Dalam lima pertandingan terakhir, Swedia belum mencatatkan clean sheet. Sejak Potter menjabat, gawang Swedia juga sudah kebobolan total 11 gol. Catatan tersebut membuat laga melawan Yunani menjadi momentum terakhir untuk memperbaiki detail permainan sebelum tampil di Piala Dunia 2026.

Bagi Swedia, pertandingan persahabatan ini bukan sekadar agenda pemanasan. Potter perlu mendapatkan gambaran yang lebih jelas mengenai kesiapan tim, terutama dalam menjaga organisasi pertahanan dan merespons tekanan lawan.

Kritik untuk Komposisi Skuad Swedia

Di tengah persiapan menuju Piala Dunia 2026, komposisi skuad Swedia juga mendapat sorotan. Mantan penyerang internasional Swedia, John Guidetti, mengkritik keputusan pelatih yang mencoret beberapa pemain berkarakter dari skuad final.

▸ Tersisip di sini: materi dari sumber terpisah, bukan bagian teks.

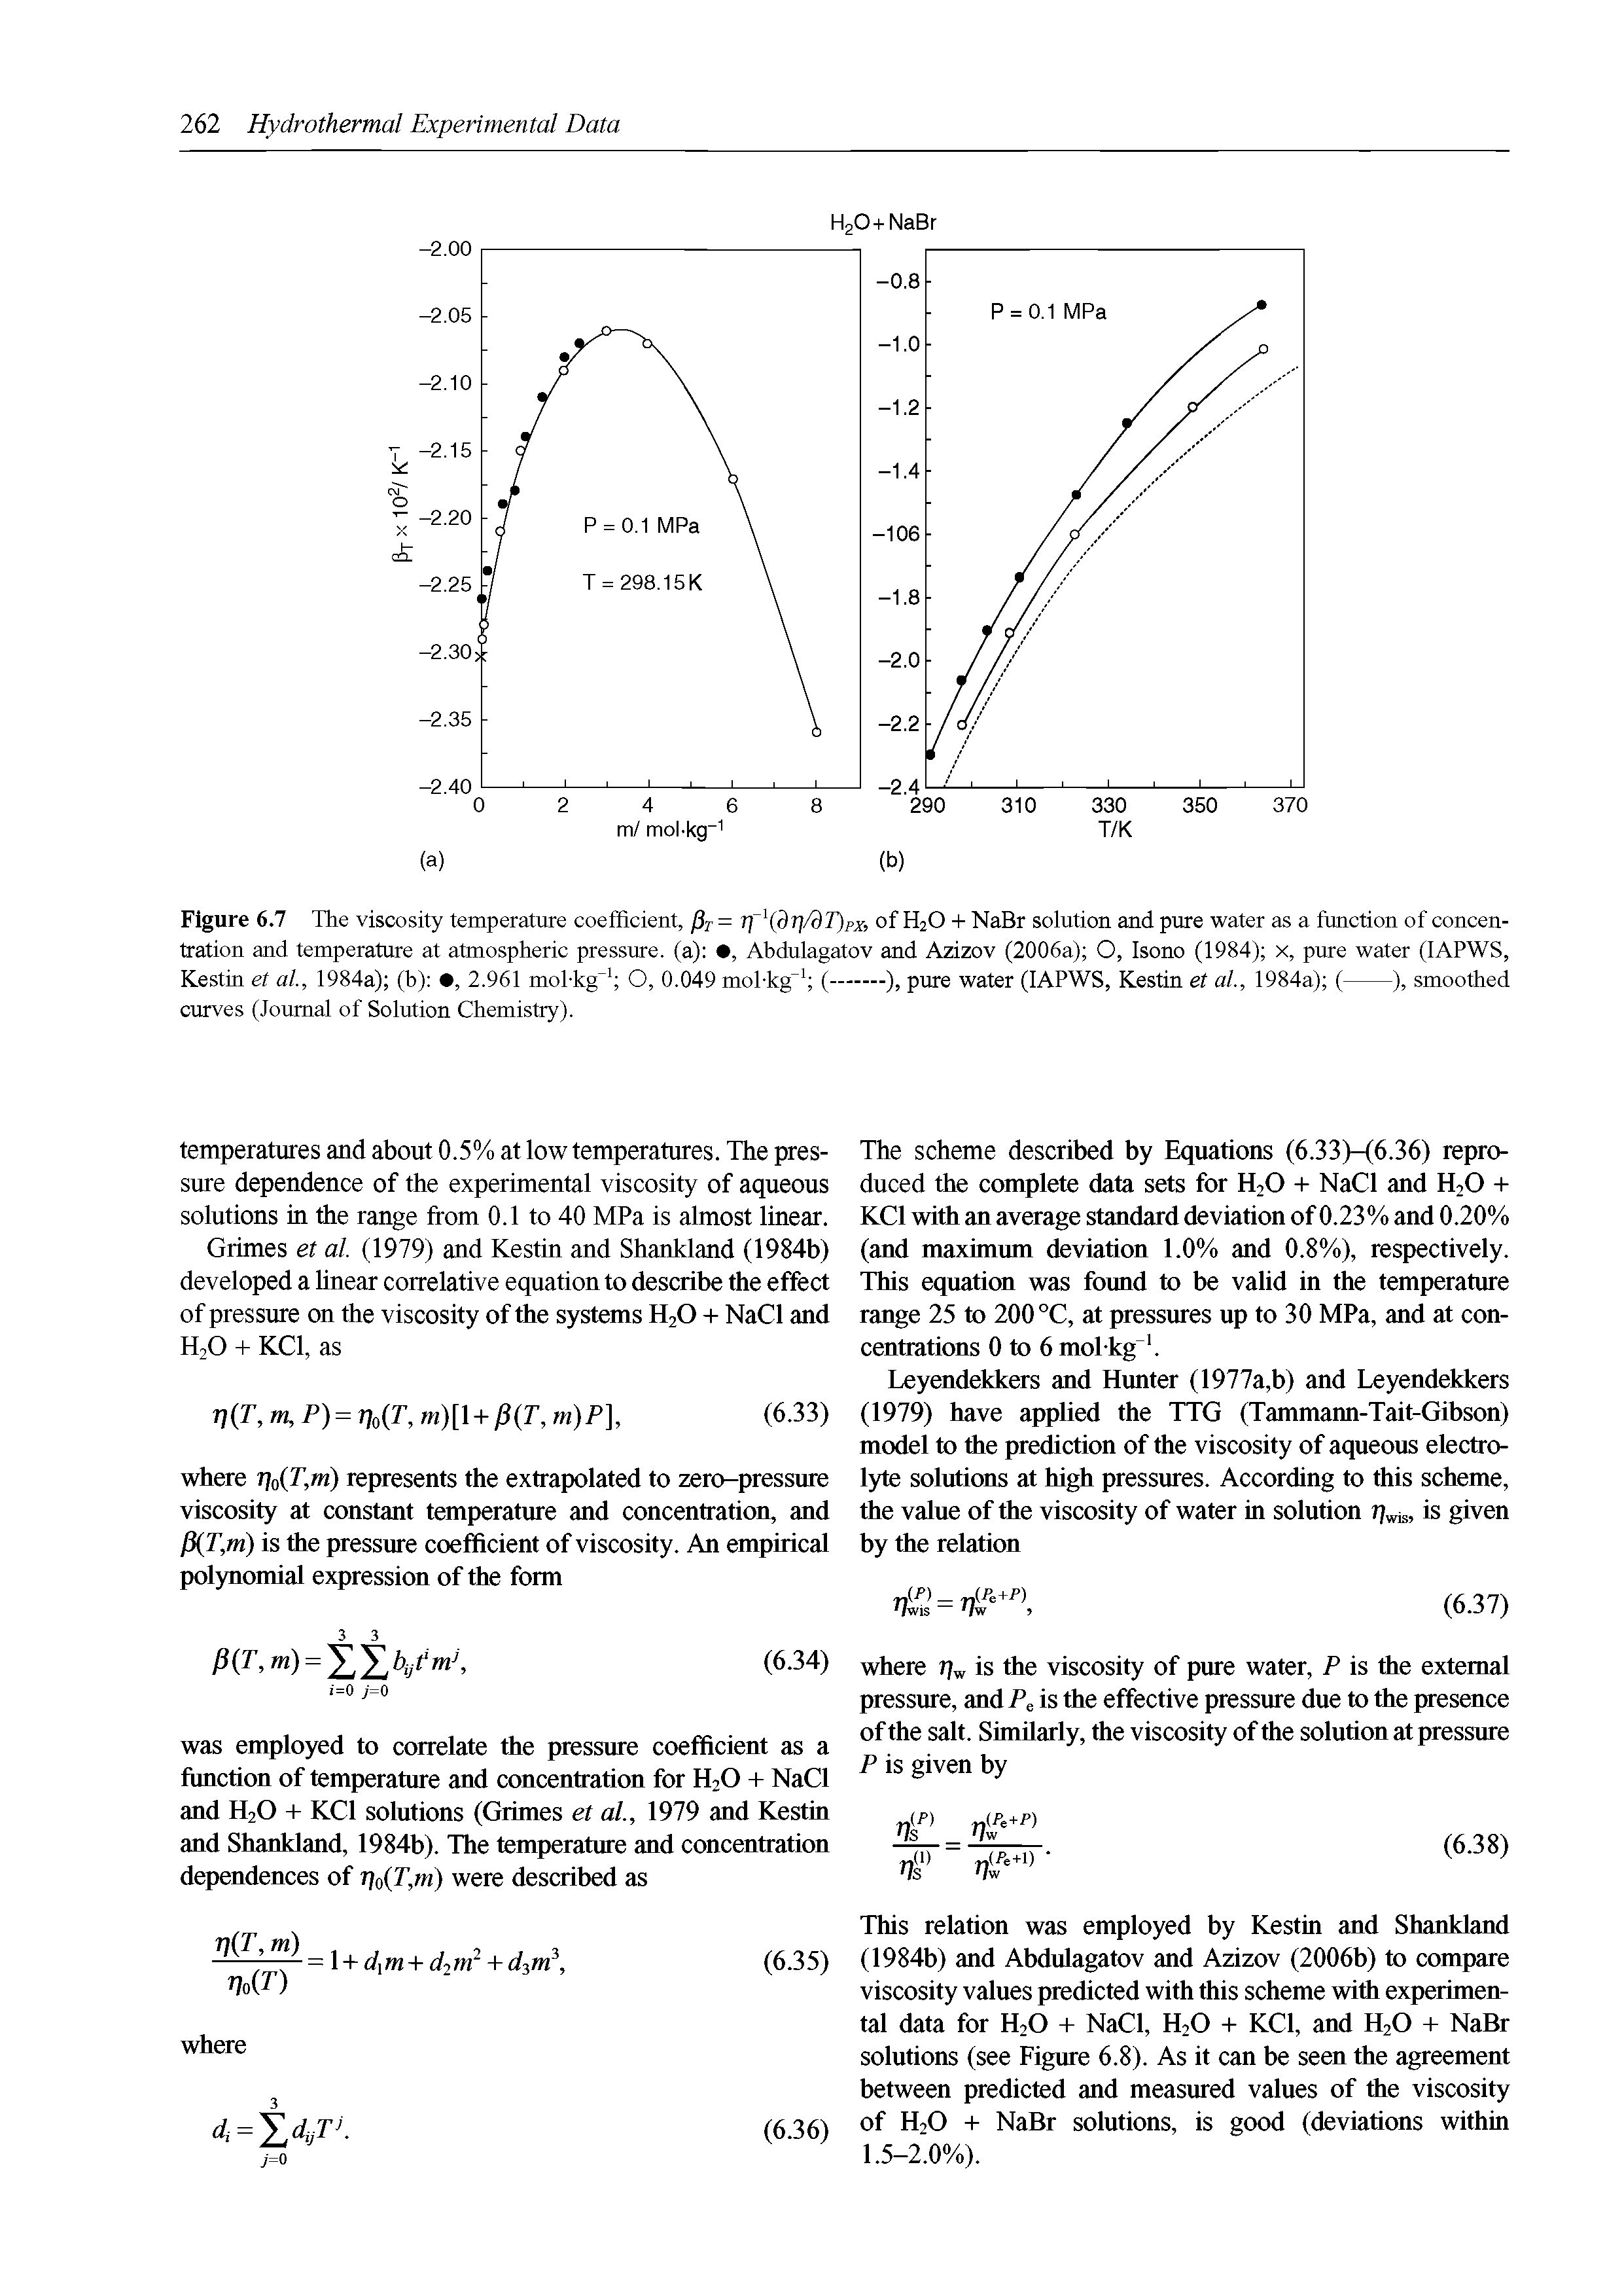 Figure 6.7 The viscosity temperature coefficient, fir = r[ dr /dT)px, of H2O + NaBr solution and pure water as a function of concentration and temperature at atmospheric pressure, (a) , Abdulagatov and Azizov (2006a) O, Isono (1984) x, pure water (lAPWS, Kestrn et al, 1984a) (h) , 2.961 mol kg O, 0.049 mol-kg (--------), pure water (lAPWS, Kestin et al., 1984a) (------), smoothed...

Kritik Guidetti berkaitan dengan tidak dipanggilnya Hugo Larsson dan Roony Bardghji ke dalam daftar 26 pemain. Ia menilai keputusan tersebut sulit dipahami.

“Saya tidak bisa memahaminya. Saya sangat marah! Anda menyingkirkan semua pemain yang memiliki karakter. Tugas Anda sebagai pelatih nasional adalah memastikan Anda memilih pemain terbaik,” kata Guidetti kepada TV4.

Namun, pandangan berbeda datang dari jurnalis Sportbladet dan Viaplay Swedia, Frida Fagerlund. Ia menilai tekanan terhadap tim saat ini relatif rendah karena kelolosan Swedia ke Piala Dunia sudah dianggap sebagai bonus.

“Fakta bahwa mereka bisa berpartisipasi di Piala Dunia saja sudah bonus. Tidak ada yang menduga itu terjadi. Orang-orang sudah lupa kemenangan grup di Nations League dan fakta bahwa mereka masih punya peluang,” ujar Fagerlund.

Yunani Siapkan Agenda UEFA Nations League

Sementara itu, Yunani datang ke Solna dengan situasi berbeda. Tim asuhan Ivan Jovanovic gagal melaju ke Piala Dunia 2026 setelah finis di peringkat ketiga Grup C kualifikasi UEFA.

Karena itu, laga melawan Swedia dimanfaatkan Yunani sebagai bagian dari persiapan menuju UEFA Nations League. Meski tidak tampil di Piala Dunia, pertandingan ini tetap penting untuk mengukur kondisi tim dan mencari perbaikan.

Yunani juga masih memiliki masalah di lini depan. Mereka gagal mencetak gol dalam tiga pertandingan beruntun. Catatan tersebut membuat laga persahabatan ini menjadi kesempatan untuk mengatasi kebuntuan produktivitas.

Dengan kondisi kedua tim yang sama-sama membutuhkan pembenahan, duel Swedia vs Yunani di Solna tetap memiliki nilai penting. Swedia mengejar kesiapan akhir menuju Piala Dunia 2026, sedangkan Yunani berusaha membangun dasar yang lebih baik untuk agenda berikutnya di UEFA Nations League.